**SOURCE MATERIAL**
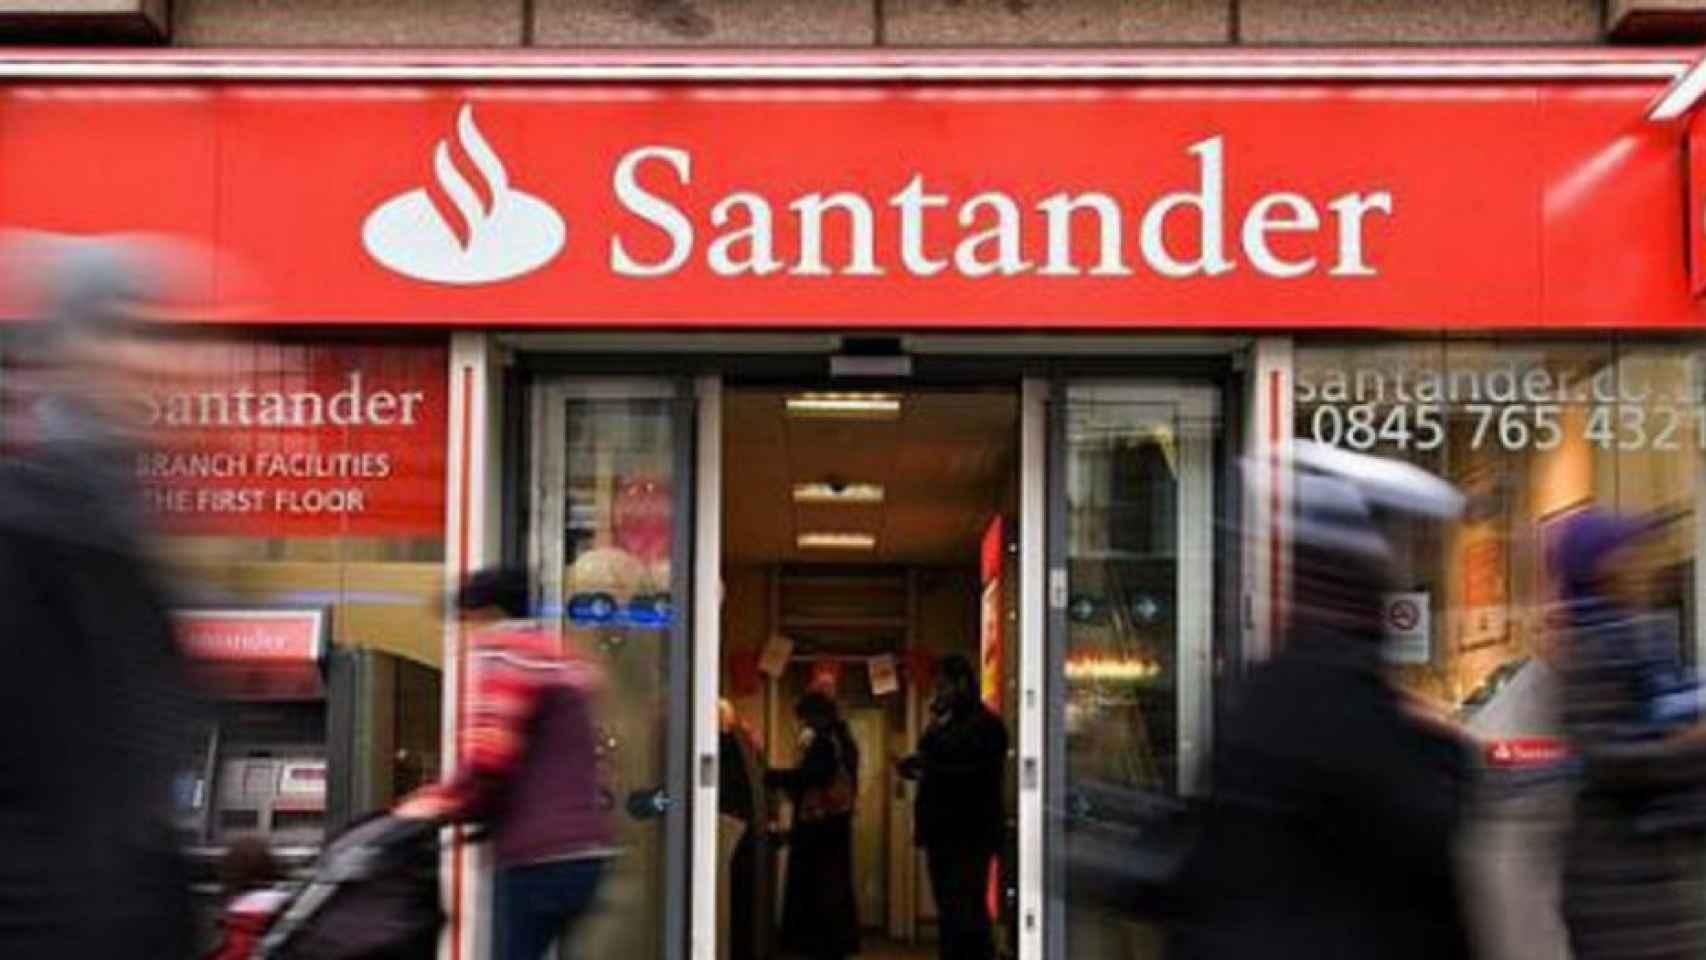 Imagen de una sucursal de Santander UK.
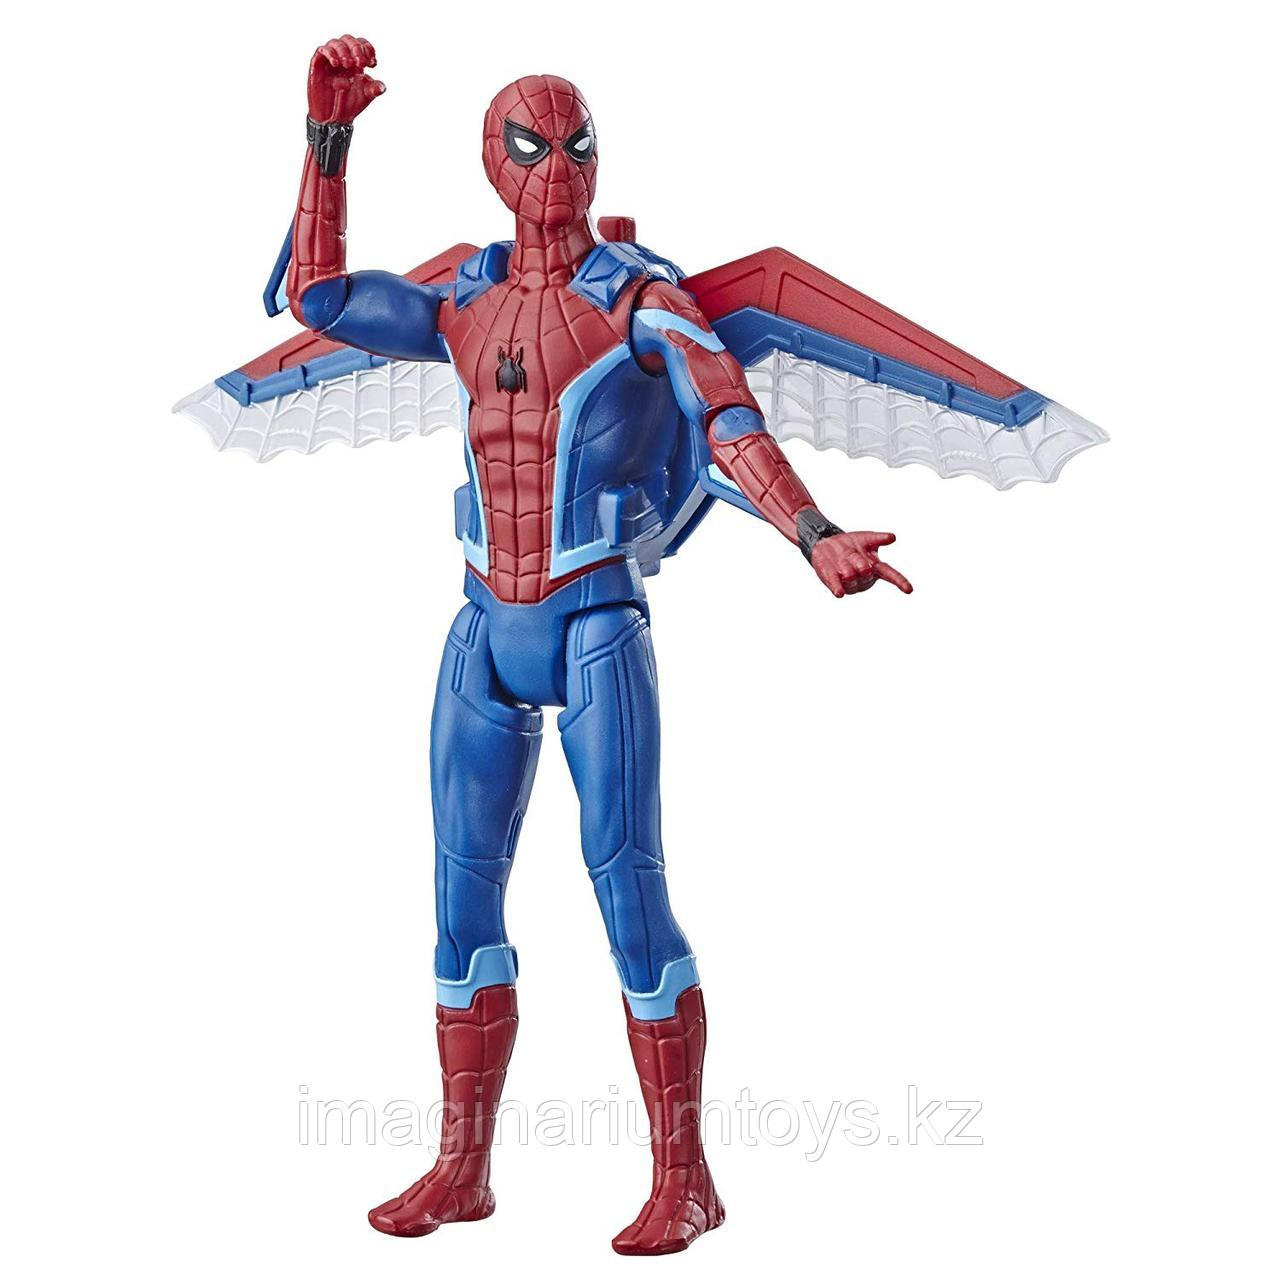 Фигурка Человек-паук  15 см оригинал Hasbro
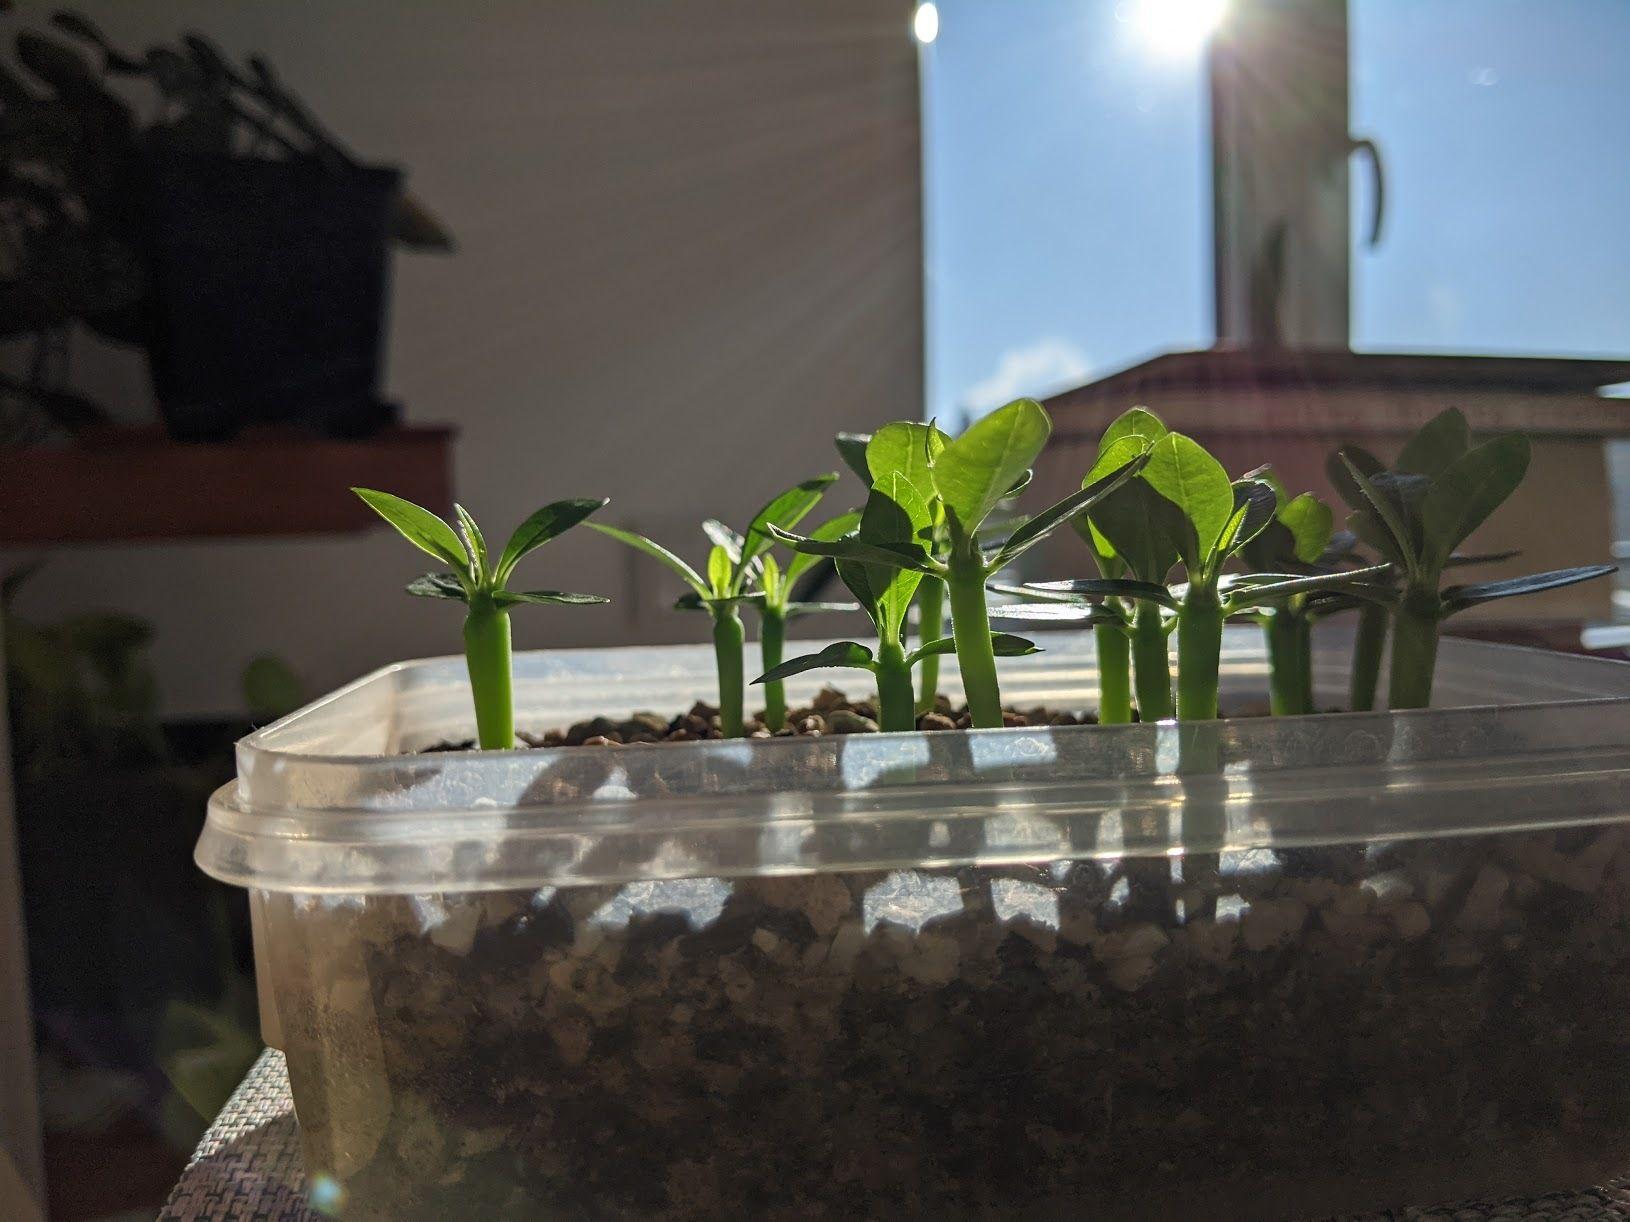 Pachypodium ambongense seedlings

**PROBLEM DESCRIPTION**
Set down the whole listing exactly as given, except for the pictures.

**TASK RESULT**
 Imagen de una sucursal de Santander UK.
 Фигурка Человек-паук  15 см оригинал Hasbro
 Pachypodium ambongense seedlings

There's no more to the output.